Greece Amputee Football Association
- Nickname(s): Ethniki (the national) Galanolefki (the sky blues and whites)
- Association: Greece Amputee Football Association
- Confederation: UEFA (Europe)
- Head coach: Apostolis Baltoumas
- Captain: Tasos Tsigkas
| First colours | Second colours |

First international
- Greece 0–5 England (Athens, Greece; 9 June 2017)

Biggest win
- Greece 9–0 Albania (Athens, Greece; 13 July 2021)

Biggest defeat
- Japan 13–0 Greece (Warsaw, Poland; 24 June 2017)

European Championship
- Appearances: 3 (first in 2017)
- Best result: 10th (2021)

Nations League
- Appearances: 1 (first in 2023)
- Best result: 4th (2023, Division C)

Amp Futbol Cup
- Appearances: 2 (first in 2017)
- Best result: Winners (2018)

= Greece Amputee Football Association =

Greek governing body of amputee football

The Greece Amputee Football Association (Ελληνική Ένωση Ακρωτηριασμένων Ποδοσφαιριστών, Elliniki Enosi Akrotiriasmenon Podosfairiston) is the Greek governing body of amputee football and represents Greece at international events and competitions. In February 2016, Amputee Football Greece became the 14th member of the European Amputee Football Federation (EAFF).

==History==
===Establishment, first official game and competition===
In June 2016, Greece made its debut in the EAFF Amputee Football Weeks project, reflecting the nation’s commitment to promoting amputee football and supporting athletes with disabilities. The project took place in Corinth and featured the following players: Alexandros Theodoridis, Dimitris Vouvopoulos, Tasos Tsigas, Georgios Lazaridis, Vasilis Mpakogiannis, Nikolaos Papakyrgiakis, Ioannis Vasiadis, Dimitris Agrianitis, and Nikolaos Papaggelis. An informal training match against AEK Futsal in Pallini marked the inaugural game of the newly established team. On January 8, 2017, the national team participated in a charity tournament against teams representing the Olympiacos academy staff and the Greek national homeless team. The initiative aimed to raise awareness about poverty while helping provide food for homeless communities. Greece played its first official friendly match on June 9, 2017, losing 0–5 to England. Later that month, on June 24, Greece participated in the Amputee Football Cup. The team faced Japan and Poland on the opening day of the tournament and France the following day, losing all three matches.

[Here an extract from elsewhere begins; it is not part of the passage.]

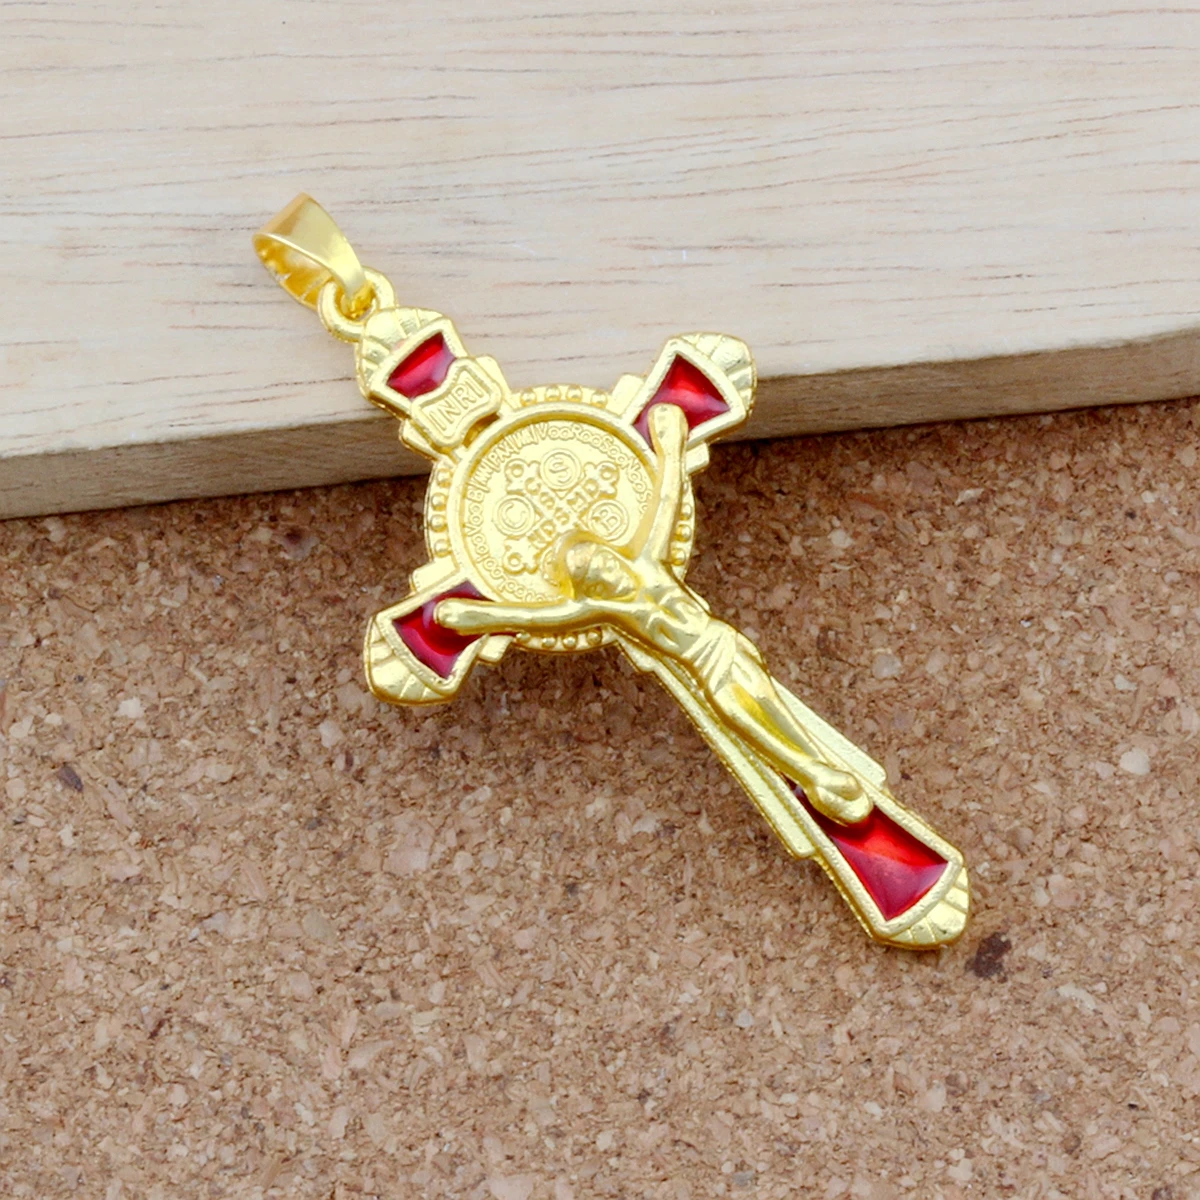 

2Pcs Red Enamel Saint Benedict Medal Crucifixion Cross Religion Charm Pendants For Jewelry Making Necklace Findings 28.5x56.2mm

===Consecutive European competition participations and first trophy===
Greece made its first appearance at the European Championship on October 3, 2017. On October 21, 2018, the national team achieved a major milestone by winning its first trophy at a friendly tournament held in Bruges, Belgium. To promote the sport, members of the Greece 2004 legends team played an exhibition match against the Greek amputee national team in July 2021. Greece competed in the 2021 European Amputee Football Championship, finishing in tenth place. In January 2022, the team received the Gazzetta Fair Play Award after earning 55,273 online votes from fans. In October 2023, Greece finished fourth in the EAFF Nations League Division C and qualified for Euro 2024 in France. At the 2024 European Amputee Football Championship, Greece advanced to the knockout stage after finishing third in its group with one win and two defeats. In the placement matches, the team lost to Azerbaijan and Israel but defeated Georgia to finish fifteenth overall. To mark its tenth anniversary, the UEFA Foundation for Children, with support from the Kaizen Foundation, organized a special match between two amputee teams featuring players from England, Greece, and Poland on April 28, 2025. The match took place at Colovray Sports Centre in Nyon ahead of the UEFA Youth League final between Barcelona and Trabzonspor.

==Honours==

Greece Amputee Football Association honours
| Type | Competition | Titles | Winners | Runners-up | Third place |
| Worldwide | WAFF Amputee World Cup | 0 |  |  |  |
| International | EAFF European Championship | 0 |  |  |  |
| EAFF Nations League | 0 |  |  |  |
| EAFF Amp Futbol Cup | 1 | 2018 |  |  |
| National | Greece Amputee FA Charity Cup | 1 | 2017 |  |  |

- ^{S} Shared record

===Fair play awards===
- EAFF European Championship
 Winners (1): 2021
- Tournoi des amputés à Bruges
 Winners (1): 2018
- NIVEA MEN Gazzetta Awards
 Winners (1): 2022

===Medals by competition===

| Competition | Gold | Silver | Bronze | Total |
|---|---|---|---|---|
| WAFF Amputee World Cup | 0 | 0 | 0 | 0 |
| EAFF European Championship | 0 | 0 | 0 | 0 |
| EAFF Nations League | 0 | 0 | 0 | 0 |
| EAFF Amp Futbol Cup | 1 | 0 | 0 | 1 |
| Total | 1 | 0 | 0 | 1 |

==All-time results and fixtures==

- Friendlies

- Amp Football Cup

- Euro 2017

- Amp Football Cup

- Friendlies

- Euro 2021

- Nations League 2023

- Euro 2024

- Friendlies

==Participations by competition==
===WAFF World Cup===

WAFF World Cup record
| Year | Group | Result | Position | Pld | W | D* | L | GF | GA | Ref. |
| United States 1986 | Did not exist |  |  |  |  |  |  |  |  |  |
United States 1987
United States 1988 (i)
United States 1988 (o)
United States 1989 (i)
United States 1989 (o)
United States 1990 (i)
United States 1990 (o)
Uzbekistan 1991 (i)
Uzbekistan 1991 (o)
Russia 1994
England 1998
United States 2000
Brazil 2001
Russia 2002
Uzbekistan 2003
Brazil 2005
Turkey 2007
Argentina 2010
Russia 2012
Mexico 2014
| Mexico 2018 | Did not enter |  |  |  |  |  |  |  |  |  |
Turkey 2022
| Mexico 2026 | To be determined |  |  |  |  |  |  |  |  |  |
| Total | — | — | 0/23 | 0 | 0 | 0 | 0 | 0 | 0 | — |

- Draws include knockout matches decided on penalty kicks.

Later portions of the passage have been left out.